Kinda sounds like a miracle drug, huh? Even better is that the worst reported side effects so far have been nausea and diarrhea.

I know its sounds like I work for the company but I tried to write this in a way as to not tip off my identity. Let’s just say that I was taught by the head medicinal chemist responsible for compounding this molecule.

Just wanted to let everyone know to keep an eye out. The side effects of classic steroids could become a thing of the past if more SARMs are developed.

Here is the link companies website regarding Ostarine.

Forgot the link*

[/quote]

He4y I’ve done a little bit of reading or research about SARMs when I first heard of it. I was wondering if you knew or heard anything about another one I read about called LGD-3303 . . .

[quote]DrSkeptix wrote:
Bill Roberts wrote:
It is not the same mechanism, though, to inhibit 5AR as it is to supply endogenous DHT?

No. The inhibitors used clinically both reduce circulating DHT and intraprostatic DHT. It does not follow that transdermal DHT would necessarily decrease intraprostatic DHT–although it might. (A testable idea!)

Anyway I really raised that only as a side point, that the fact that the "SARM"s weren’t found in a trial to increase prostate size is hardly any striking fact necessitating a new mechanism or necessarily providing any advantage over existing non-aromatizing anabolic steroids, or even aromatizables with concomitant control of estrogen.

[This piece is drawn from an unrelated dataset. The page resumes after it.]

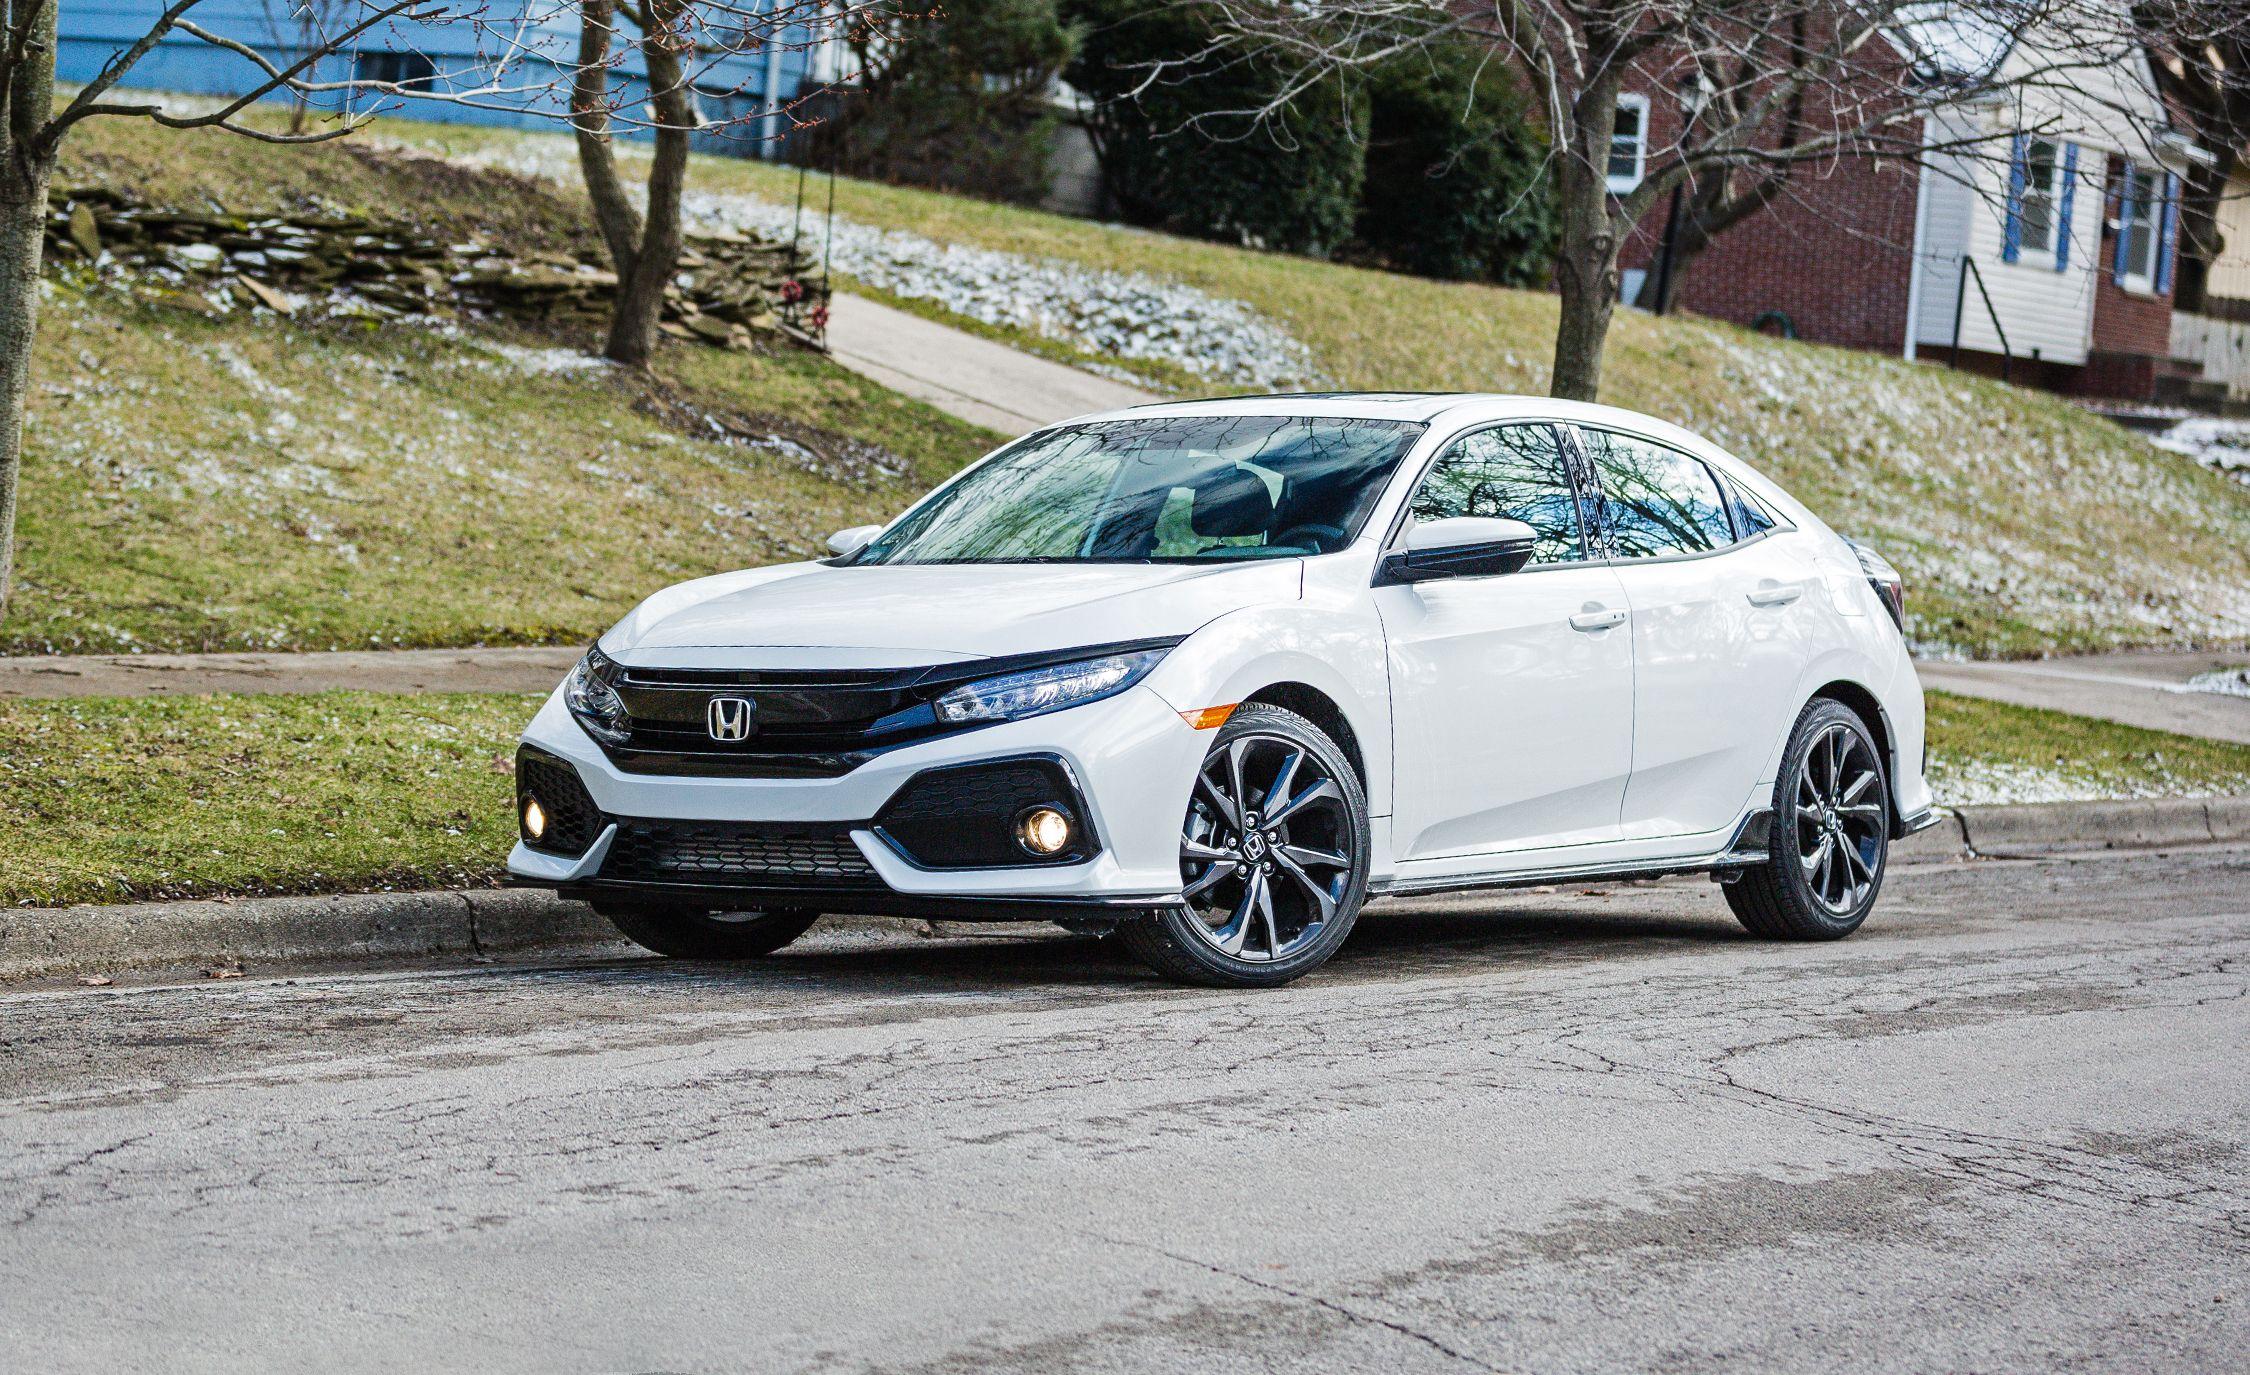 2018 Honda Civic | In-Depth Model Review | Car and Driver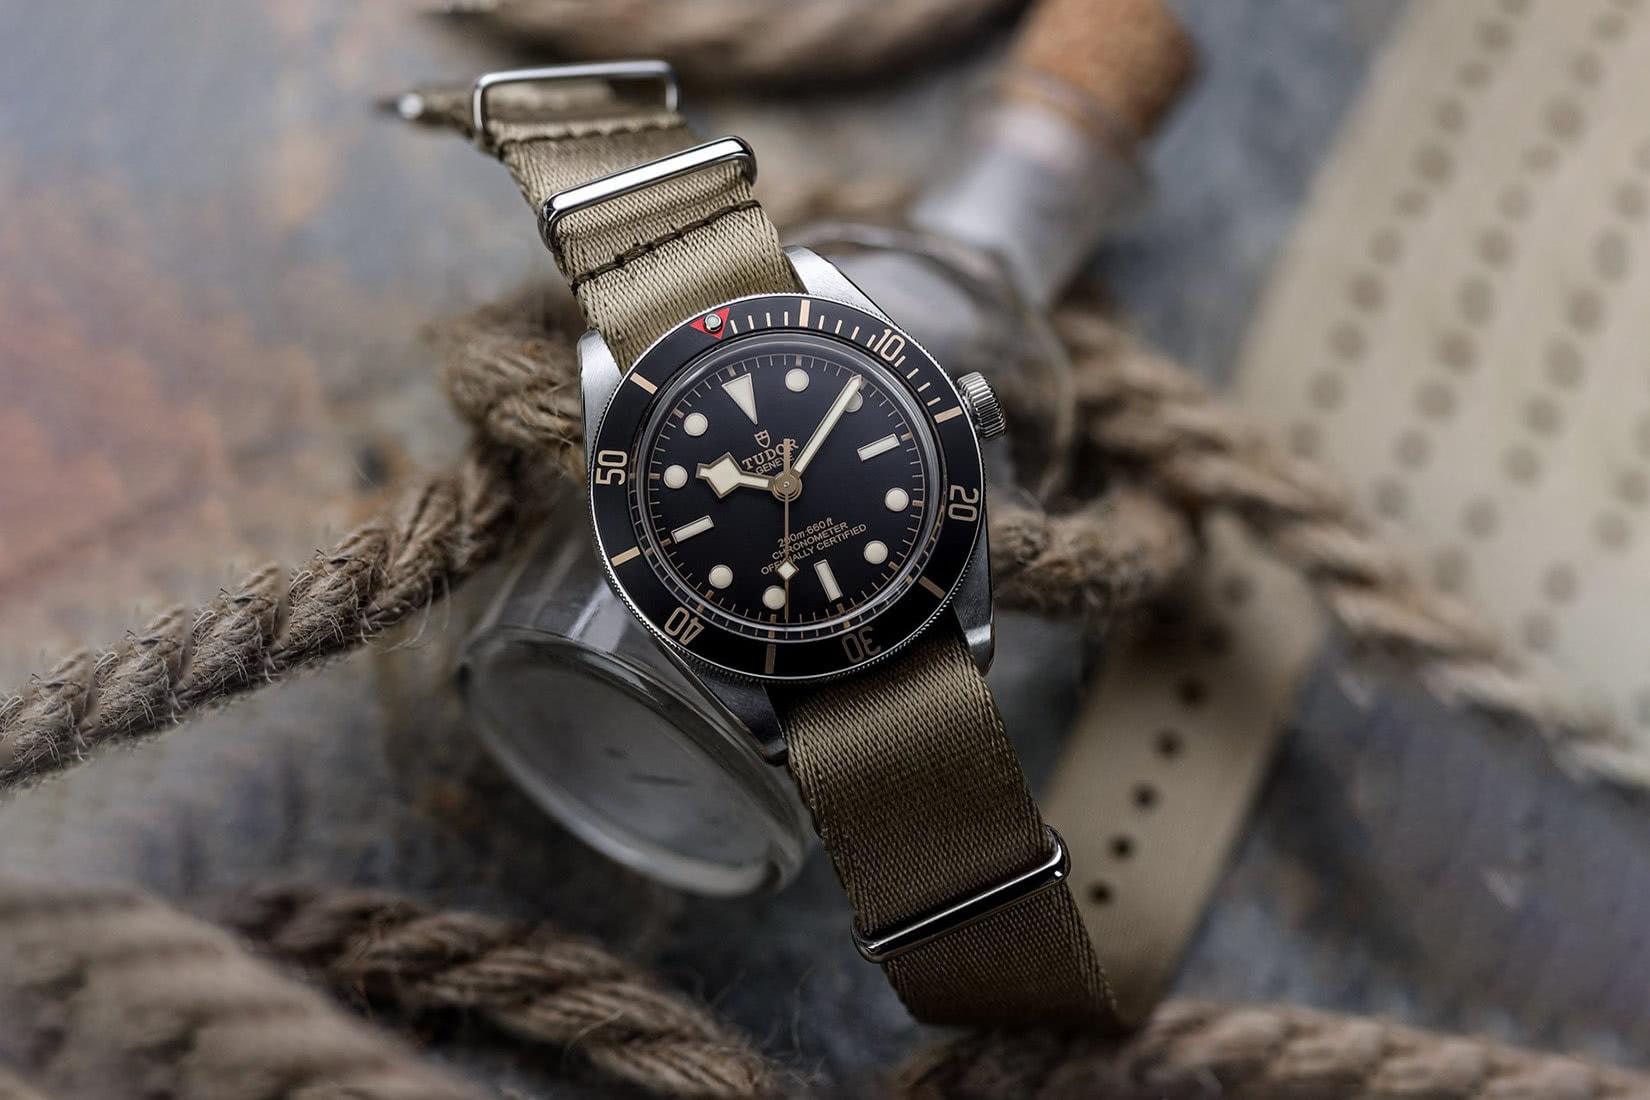 watch straps bracelets nato - Luxe Digital

I don’t actually think DHT is an androgen of choice for HRT. It was just an illustration of a point.

Understood and appreciated.[/quote]

I know it’s been a while, but this thread having just been revived I saw the above again now.

This raises what seems to me an interesting idea for HRT: supplying a mixture of testosterone and DHT with sufficient DHT to maintain normal free DHT levels while also administering a 5a-reductase inhibitor at quite effective dose.

This would result in – obviously – normal overall DHT levels, but lower levels in target areas of concern such as the prostate and scalp, and thus possibly for some individuals being superior to either testosterone-only administration or to testosterone-plus-5AR-inhibitor.